How do I loop variable names based on values in a list
I have this list with five heights in it and I want to put it in a loop to create five separate dataframes indexed by these numbers. This would include creating a column name based on different height, reading a csv file and assigning the colNames to it, and finally dropping the unused columns. I have multiple blocks of the same code to do this but I want to learn how to do it with a loop so I can clean up my script.
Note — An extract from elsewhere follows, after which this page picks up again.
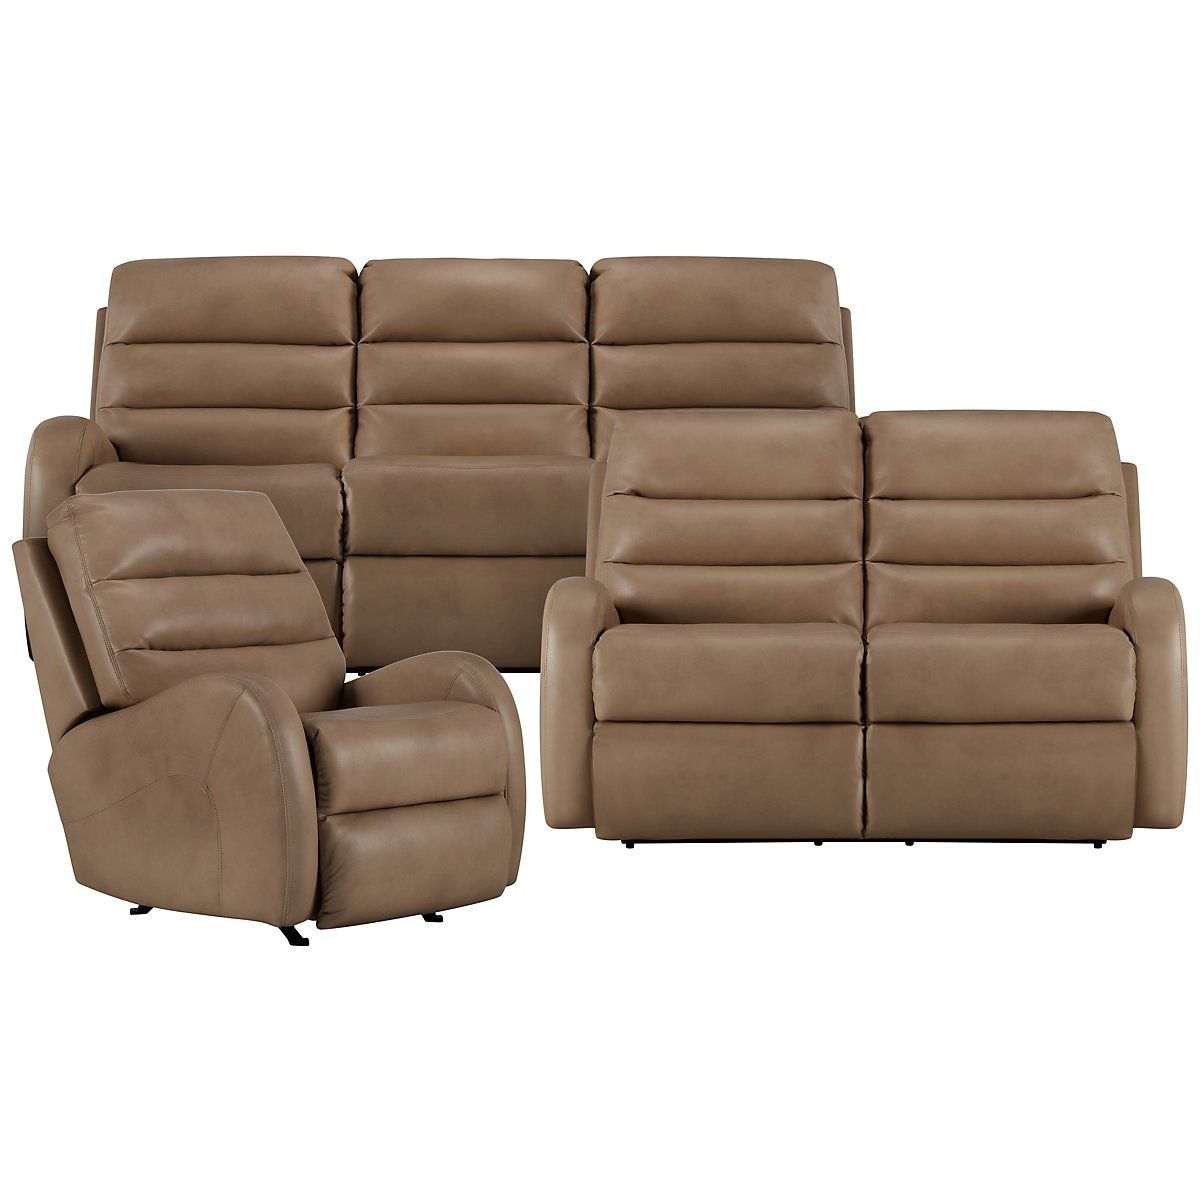 Carver beige microfiber power reclining living room city

I get a NameError: name 'colNames' is not defined.
i = 0
height = ['0', '5', '15', '25', '50']
while i < len(height):
colNames["height{}".format(i)] = ["A", "B_%s" % height, "C", "D"]
df["height{}".format(i)] = pd.read_csv("test%s.csv" % height, names = colNames["height{}".format(i)])
df["height{}".format(i)].drop(labels = ["A", "C"],axis = 1, inplace = True)
i += 1
Expected results
colNames0 = ["A", "B_0", "C", "D"]
df0 = pd.read_csv("test0.csv", names = colNames0])
df0.drop(labels = ["A", "C"], axis = 1, inplace = True)
...
colNames50 = ["A", "B_0", "C", "D"]
df50 = pd.read_csv("test50.csv", names = colNames50])
df50.drop(labels = ["A", "C"], axis = 1, inplace = True)
Solution 1:
Trying to name separate DataFrames in this way is a bit unwieldy in Python, but here is how I might go about writing a loop for the problem you pose:
dflist = []
for num, height in enumerate(['0', '5', '15', '25', '50']):
dflist.append(pd.read_csv('test{}.csv'.format(height), names=['A', 'B{}'.format(height), 'C', 'D'])[['B{}'.format(height), 'D']])
You would not have DataFrames named df0, df5, ..., but will rather have a list of DataFrames. Unless there is a reason to save the various column names, you can just name your columns directly in the call to pd.read_csv. Additionally, selecting only the columns you want to keep at the end of the line is a little more streamlined than dropping the others in a separate command. As a side note,
df['newname'] = value
is a way to make a new column in an existing DataFrame, not a way to define a DataFrame.
The reason you are getting a NameError is because the syntax
colNames[x] = value
assumes you are trying to assign the value to a pre-existing object named "colNames".